Acquiring Japanese Citizenship
Reading the complaints of long-term foreign residents who could not easily enter Japan for some months in 2019 — an issue that received repeated coverage in the Japan Times — I could not help wondering why they had not taken Japanese citizenship because the right to freely enter and exit Japan is one that all postwar governments appear to have scrupulously upheld.
Aside from removing the curse of FBAR, FATCA, and the IRS in the case of U.S. citizens, there are other specific benefits to having Japanese nationality. It gives you the right to vote, to stand for election, and, given COVID-19 restrictions on foreign nationals other than “special permanent residents” (essentially Korean citizens born in Japan), the “right of abode.”
Compared to U.S./U.K. citizenship, that of Japan is relatively easy to acquire, although the apparent near-100% acceptance rate is deceptive. As with the “99% conviction rate” in Japanese court cases, it is the result of marginal cases being weeded out at an early stage.
- Five years domicile (residence) in Japan with a valid status of residence;
- 20 years of age or more (18 beginning 1 April 2022);
- Good conduct as evidenced by having no serious criminal record, paying taxes, etc.;
- Livelihood either as individual or family income or assets;
- No nationality or prepared to “in principle lose their nationality,” except in cases where “nationality of the country cannot be lost regardless of the intention of the person”;
- Compliance with the Constitution of Japan.
Further, “some of the above naturalization conditions [are] relaxed for foreign nationals (those born in Japan, or who have a Japanese spouse, Japanese child, or once had Japanese nationality) who have a special relationship with Japan.” In other words, unlike the U.S. or Canada, you are not automatically a citizen just by being born in Japan, but, if you were, it is relatively easy to get Japanese citizenship.
Koreans born in Japan who do not have Japanese citizenship sometimes refuse to apply for Japanese citizenship for ideological reasons. They are not denied citizenship, but rather do not take advantage of the fast track that is available to them.
Other requirements for naturalization all involve documentation.
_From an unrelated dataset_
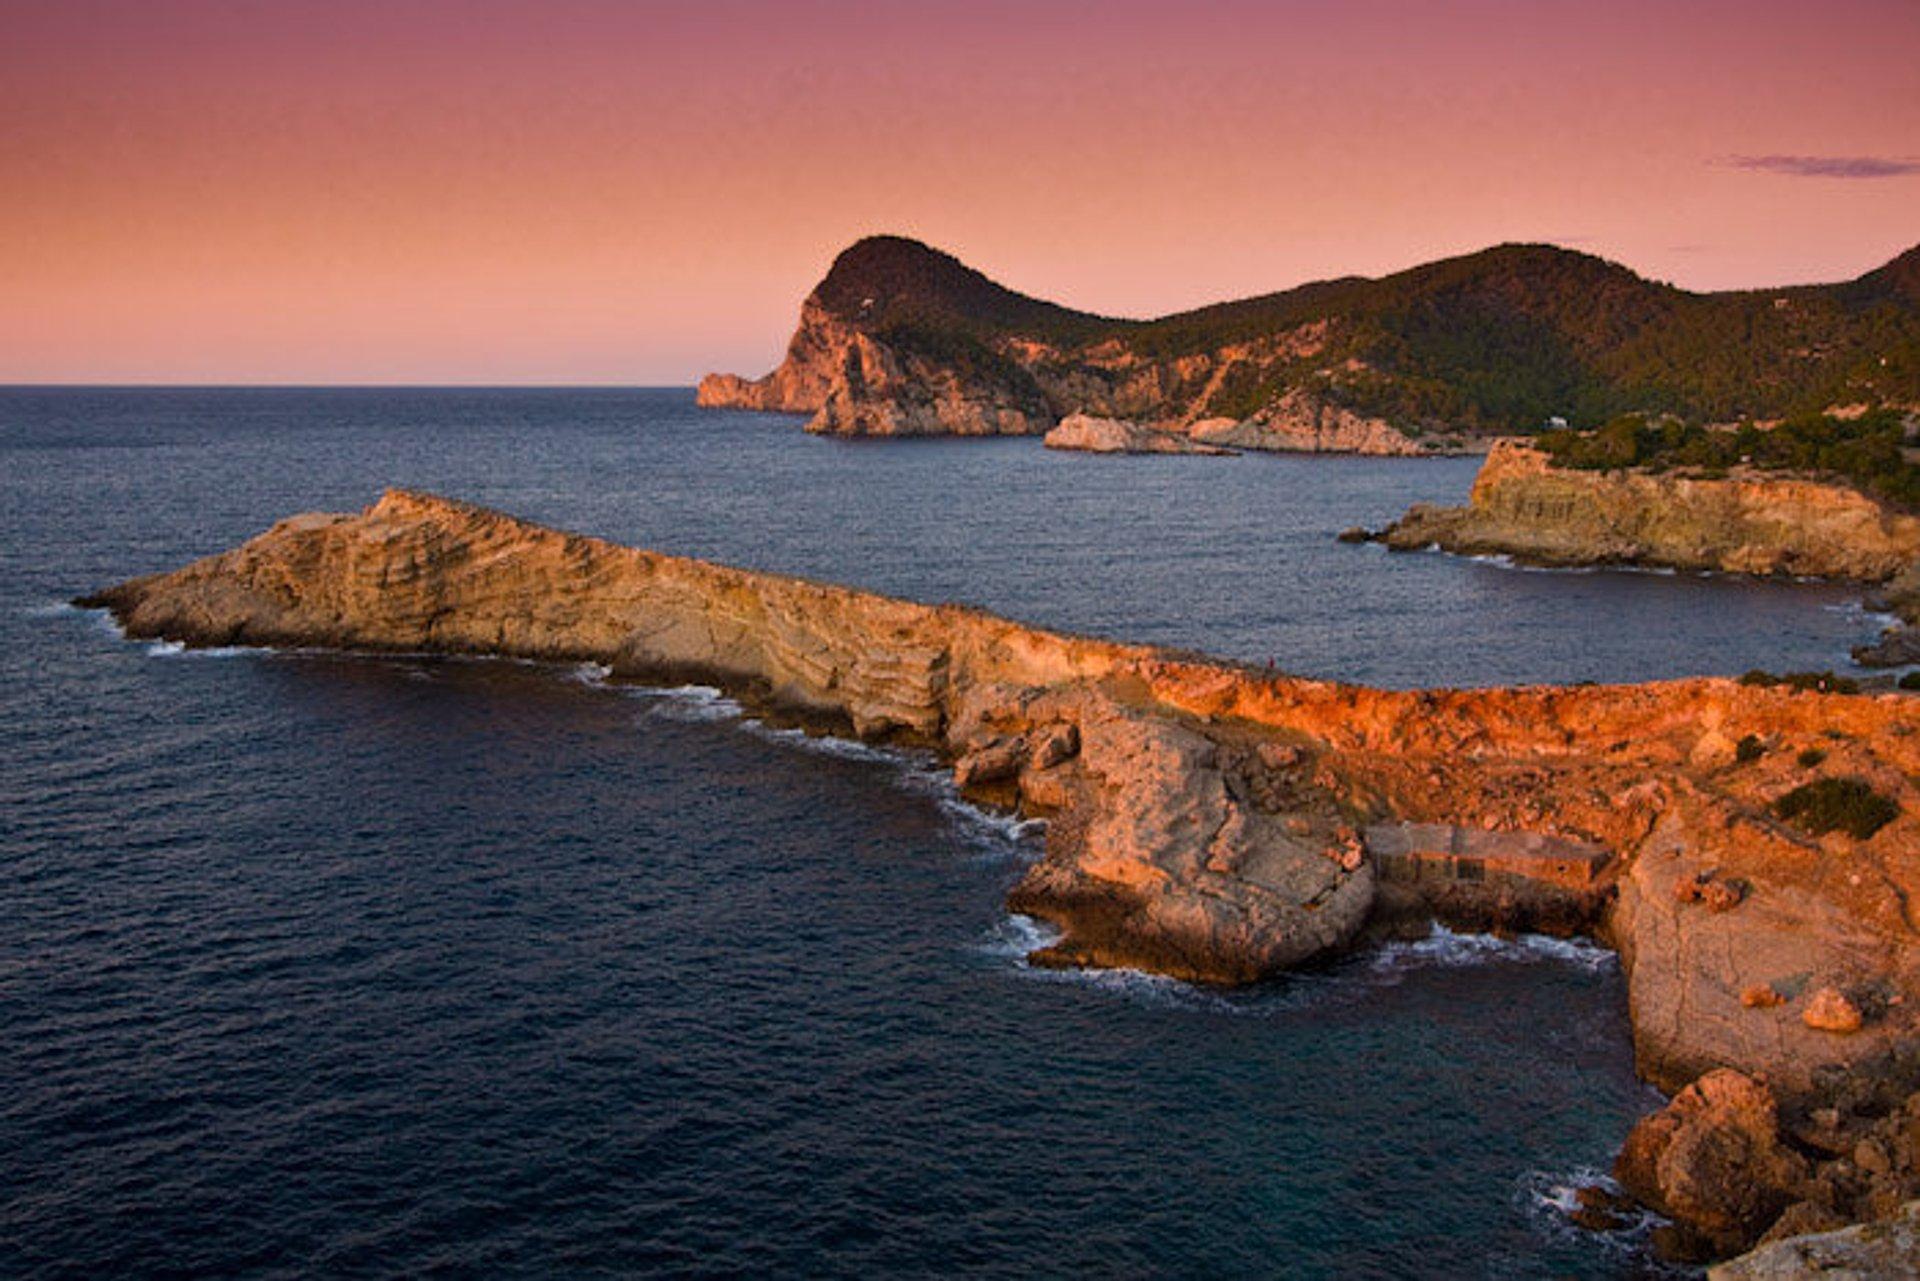 Trekking in Ibiza in Ibiza 2020 - Best Time

There is a minimal, common list of required documentation, plus documentation that must be supplied on a case by case basis, such as proof of a divorce settlement.
All documentation not originally in Japanese must be translated with both the original and the translation submitted. Rendering archaic British legalese, such as appears in property deeds, was a real challenge in my case.
It is also worth noting what is not required. In striking comparison to the U.S. and the U.K., there is no charge at any stage of the application process. Local governments in Japan have to provide required documentation at no charge.
There is no minimum Japanese language competency specified. It is measured indirectly by your ability to deal with the required interviews and hand copy a statement you have prepared explaining why you wish to acquire Japanese nationality.
Being severely disabled or having a chronic disease does not prevent you from acquiring Japanese nationality, unlike some allegedly liberal countries that have been known to deny applicants on the basis that they would be a burden on the national health system.
Thanks to the excellent site Becoming Legally Japanese, a Japanese language book written for legal scriveners who help prepare citizenship applications, and assistance from my wife in translating U.S./U.K. documents into Japanese, I was able to complete my successful application with zero expenditure on professional legal or other assistance.
When asked whether I have any regrets about taking Japanese citizenship, my stock reply is: “Yes. I have one great regret. I should have done it much sooner.”